● **Work instructions**: Every line in the data below has to be repeated exactly; no picture belongs in the result.

● **Data shown**:
..........
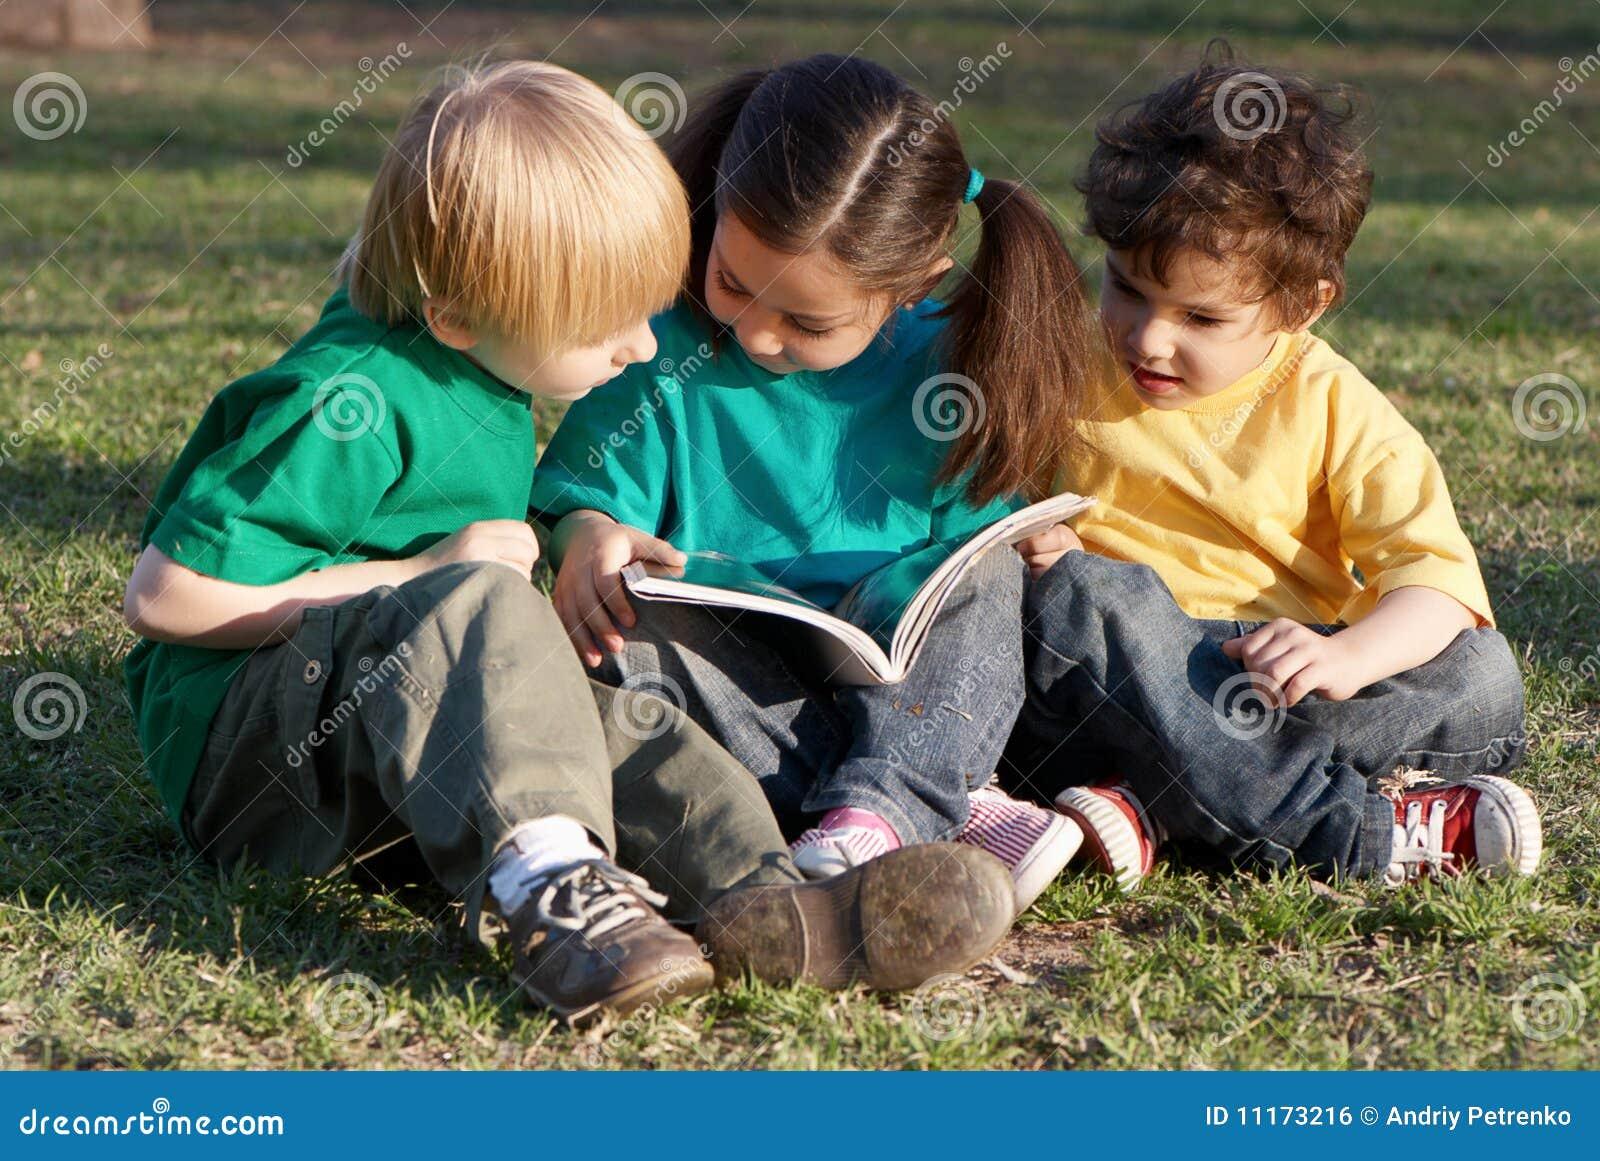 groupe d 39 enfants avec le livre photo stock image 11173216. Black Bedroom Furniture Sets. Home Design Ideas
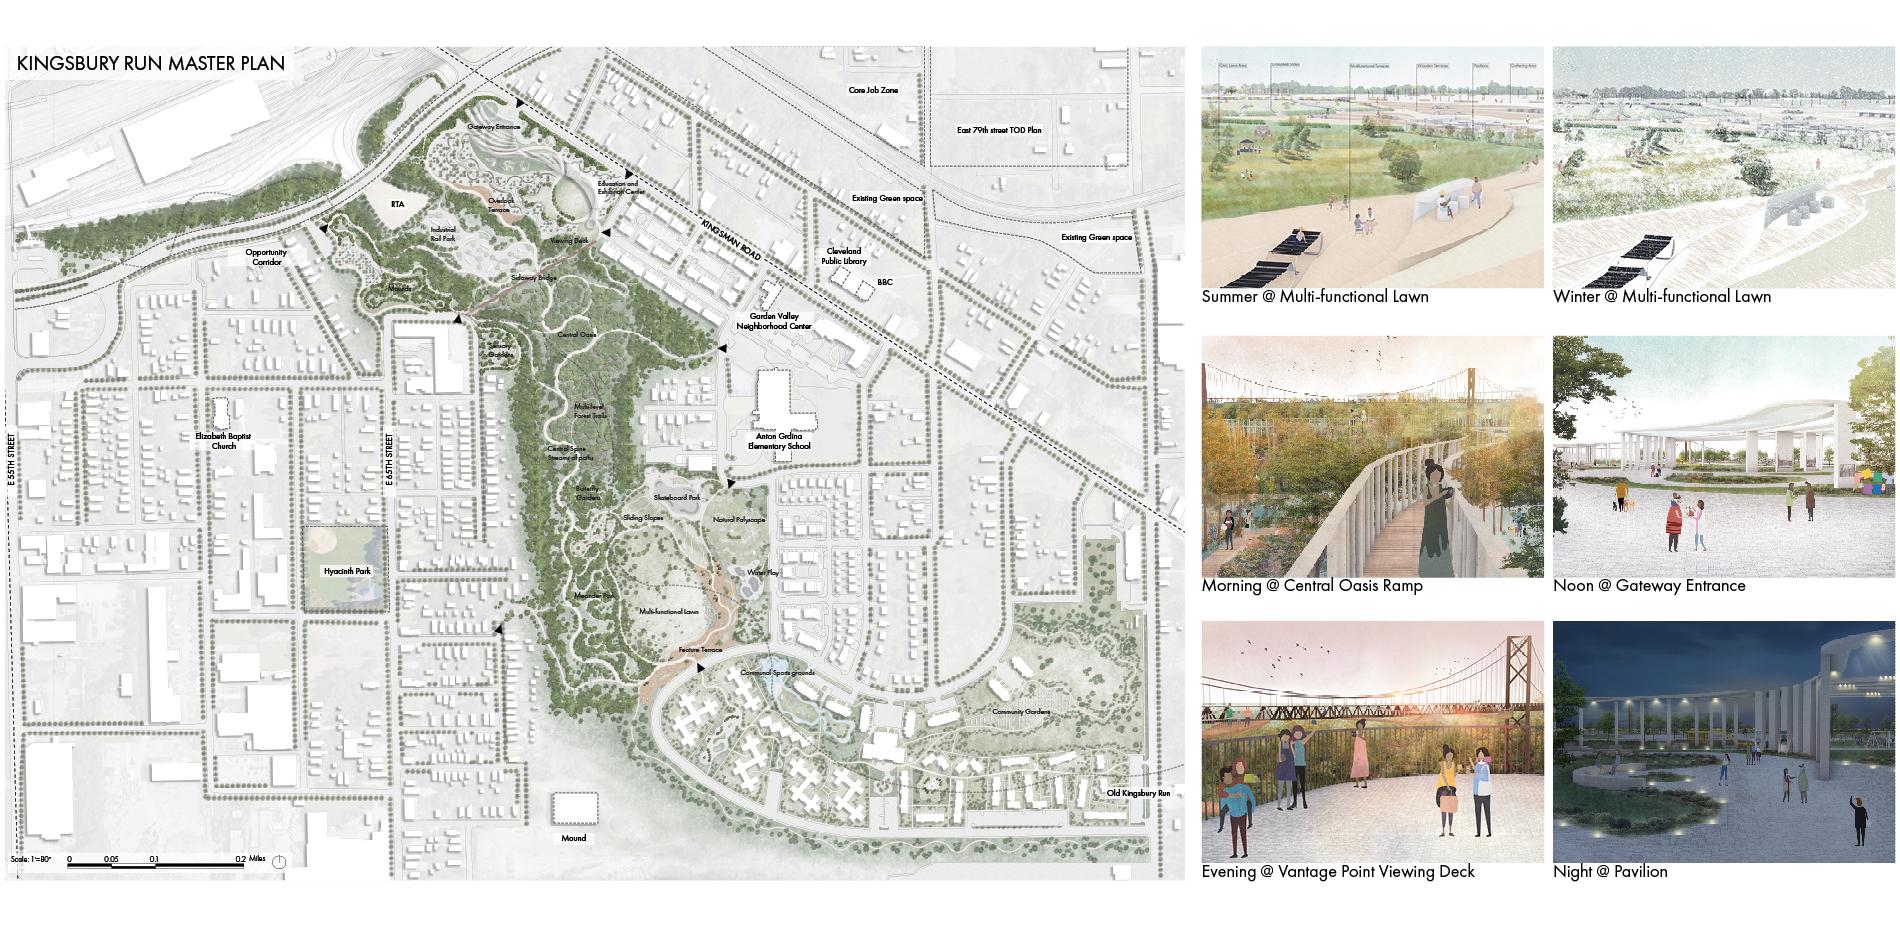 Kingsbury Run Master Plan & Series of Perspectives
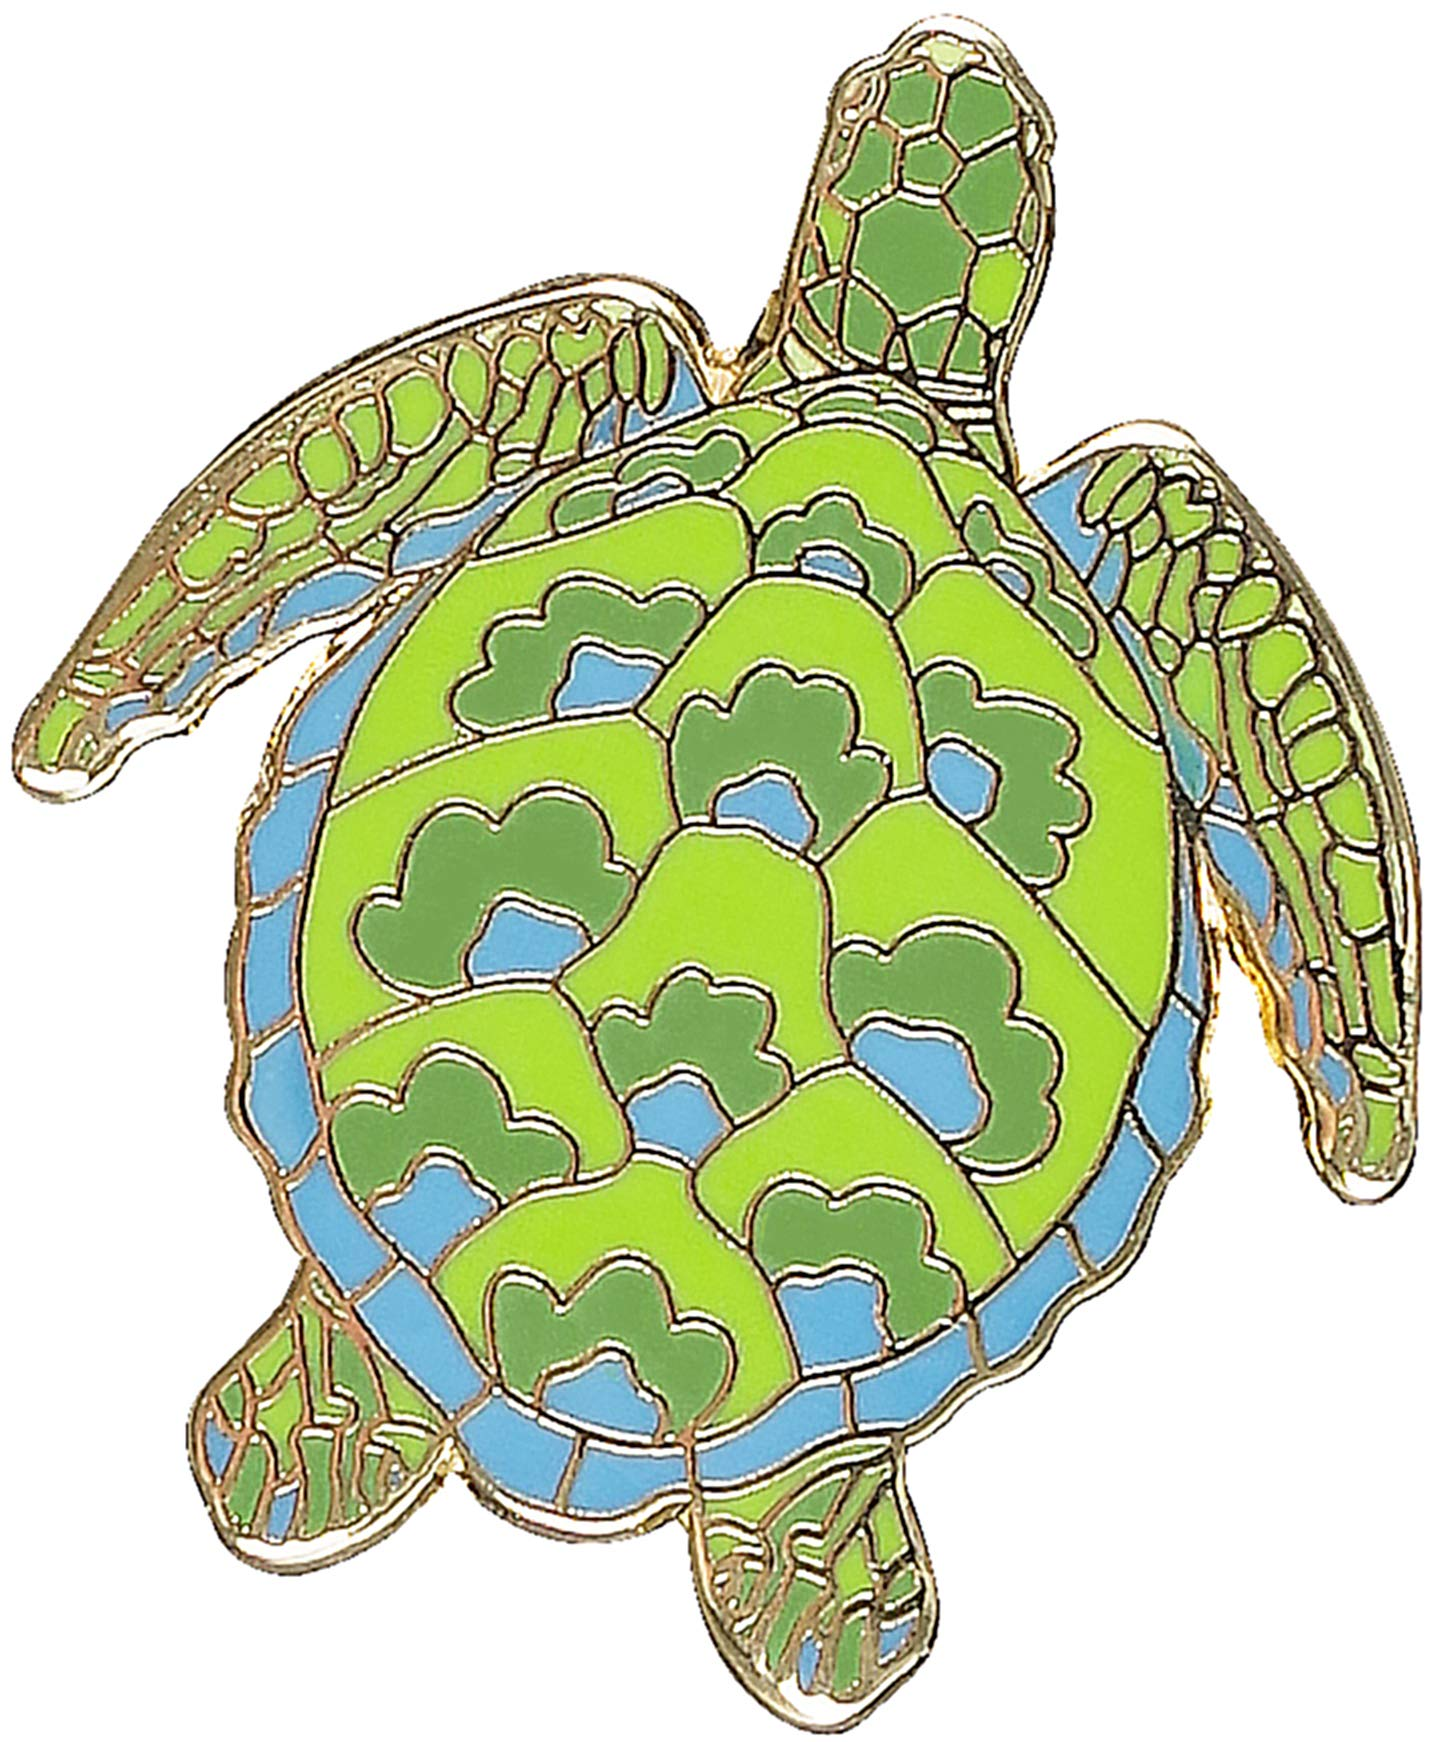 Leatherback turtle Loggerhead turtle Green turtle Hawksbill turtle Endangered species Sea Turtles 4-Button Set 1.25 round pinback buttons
..........
● **Problem solution**:
 groupe d 39 enfants avec le livre photo stock image 11173216. Black Bedroom Furniture Sets. Home Design Ideas
 Kingsbury Run Master Plan & Series of Perspectives
 Leatherback turtle Loggerhead turtle Green turtle Hawksbill turtle Endangered species Sea Turtles 4-Button Set 1.25 round pinback buttons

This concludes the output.